Weltverbesserin Eva kämpft mit ihren Gefühlen, Eine-Welt-Laden-Requisiten und dem Megaphon, in das sie für ihre Ideale Parolen ruft. Missionar Eckhard versucht es mit Bibel und Nächstenliebe. Und als die ihm als „untauglich“ reflektiert werden, holt er zu einem flammenden wie herausgeschrienen Plädoyer für die moralische Betroffenheit aus. „Mit zehn Euro können wir die Welt verändern, wir müssen uns nur endlich für diese Welt verantwortlich fühlen“, brüllt er und reißt das Hemd vom Leib. Klingt gut oder ist zu dick aufgetragen? Schließlich geht es ja um die Spendenbereitschaft.

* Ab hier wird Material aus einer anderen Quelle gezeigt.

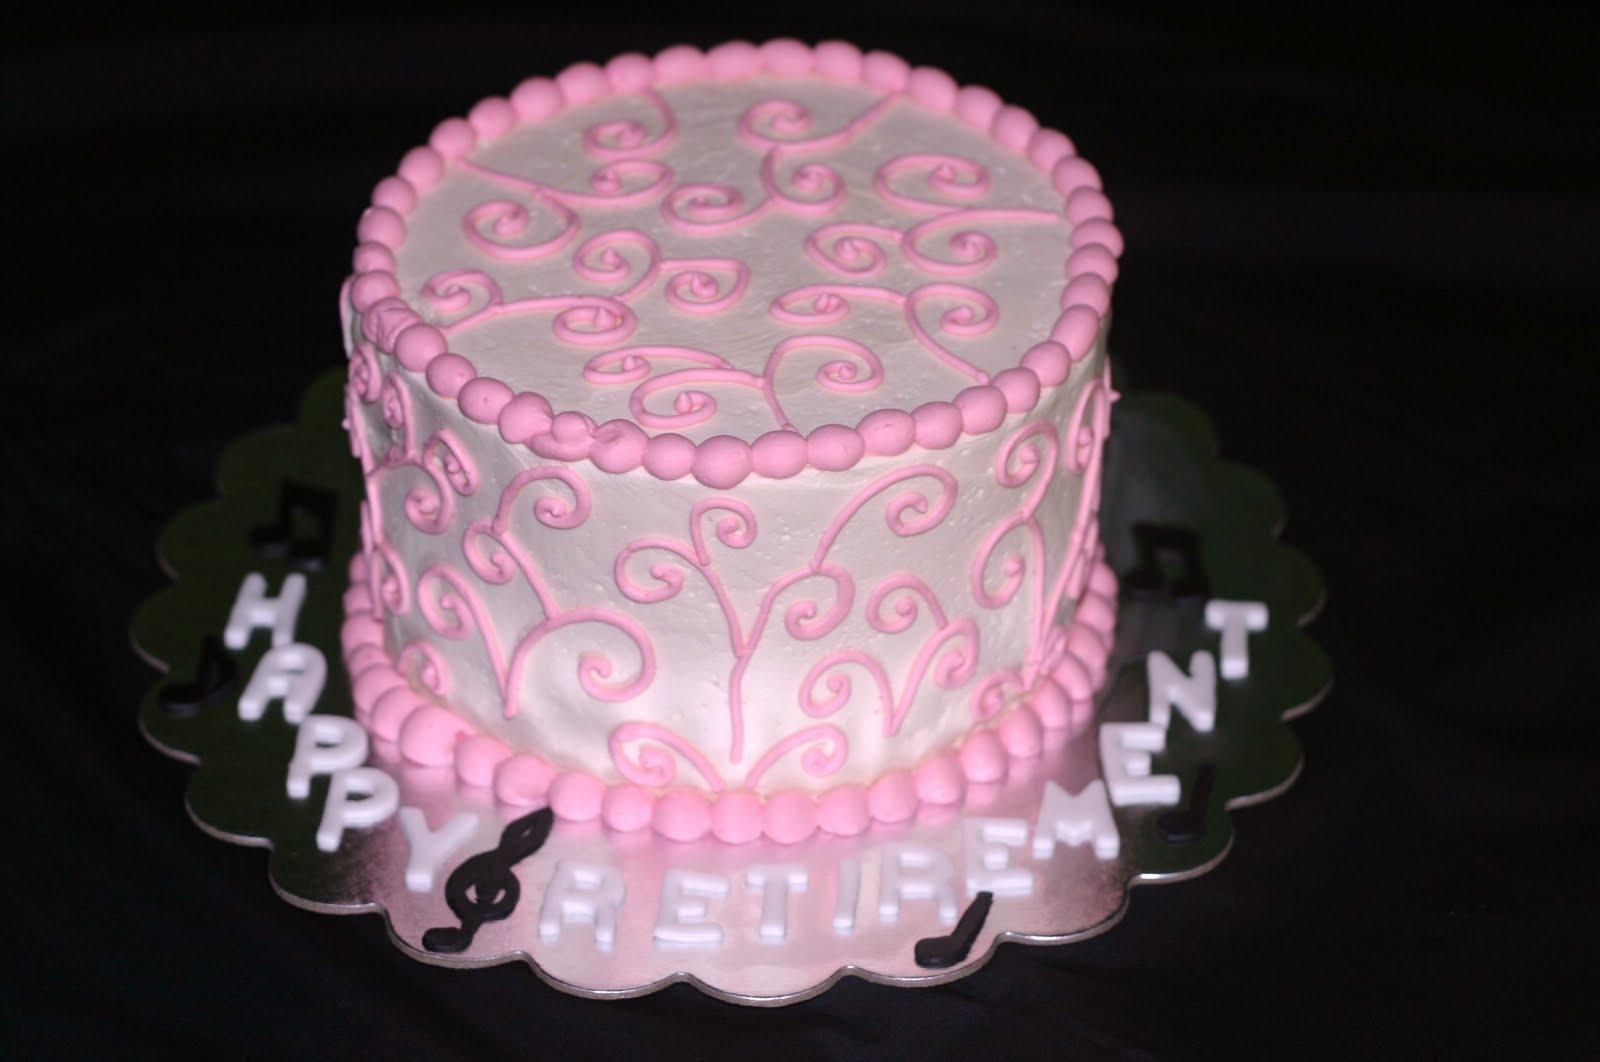 cake ideas on pinterest retirement cakes cake and christmas cakes

Deren Förderung wird schließlich dem Aktivisten Leo (Kevin Wilke) überlassen, der es volksnah, pragmatisch und distanzlos angeht – auf B-Note und Überzeugung pfeift. Der Einsatz für eine Herzensangelegenheit soll doch auch Spaß machen oder etwa nicht? Also fordert er die Zuschauer (wie am Anfang des Stücks) einfach direkt und ohne Argumente zum Spenden auf. Die Höhe der Summe überlässt er ihnen, man müsse ja nicht hundertprozentig überzeugt sein. 51 Prozent reichen auch, das reduziere den Druck um 49 Prozent.
Im Schreien sind
die Protagonisten vereint
Die Wuppertaler Schauspieler liefern eine Glanzleistung ab. Ihre Benefizgala freilich ist zum Schreien – ob der Armut in Afrika und ob des Grauens vor sich/uns selbst und einer wenig überzeugenden Zusammenarbeit. Und das tun die Akteure auch immer wieder – wenigstens darin vereint. Ansonsten streiten sie zunehmend, einige drohen mit dem Verlassen des Projekts.

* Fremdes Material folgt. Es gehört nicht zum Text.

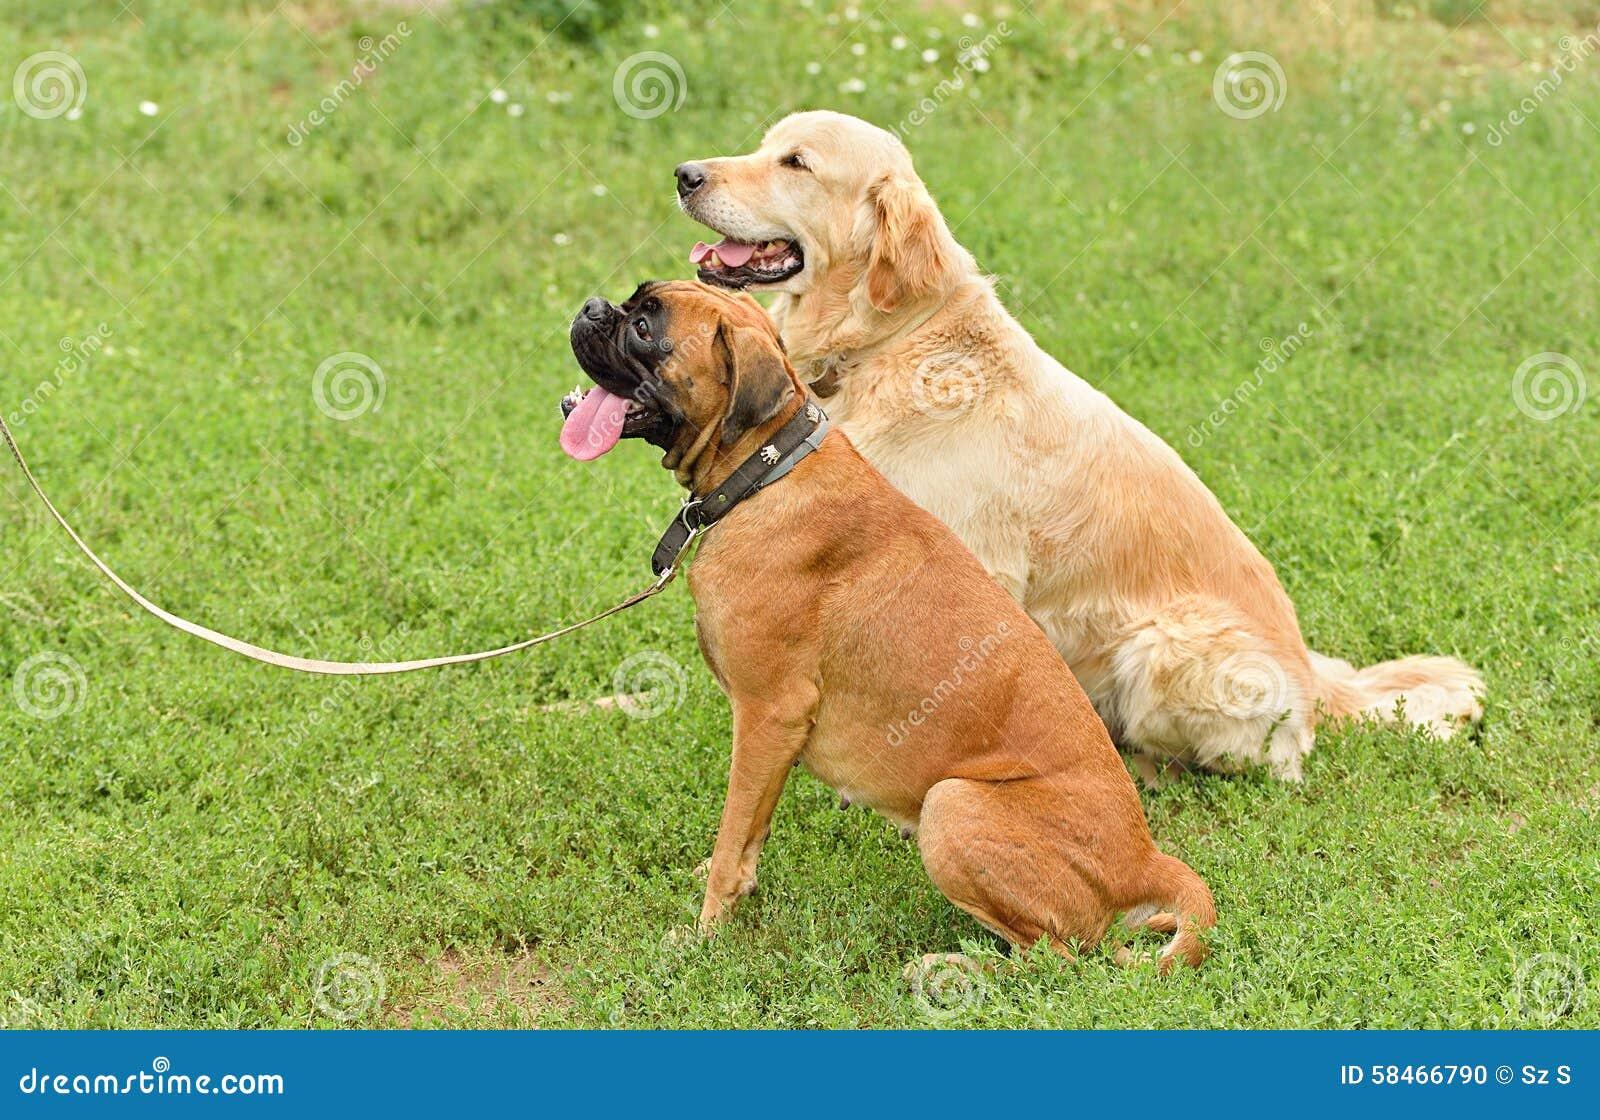 Boxer And Golden Retriever Portrait Stock Photo Image Of Calm

Jeder/jede zieht sich immer wieder in seine Holz-Kiste (Bühnenbild: Christian Blechschmidt) zurück, die vielfach gedeutet werden kann – für ihn oder sie selbst, sein/ihr Leben samt Ansichten, für Hilfsgüter-Transport oder für Show-Verpackung. „Fragile“ oder „Handle with care“ ist darauf gedruckt – zu spät. Der Respekt-Versuch ist krachend zerbrochen.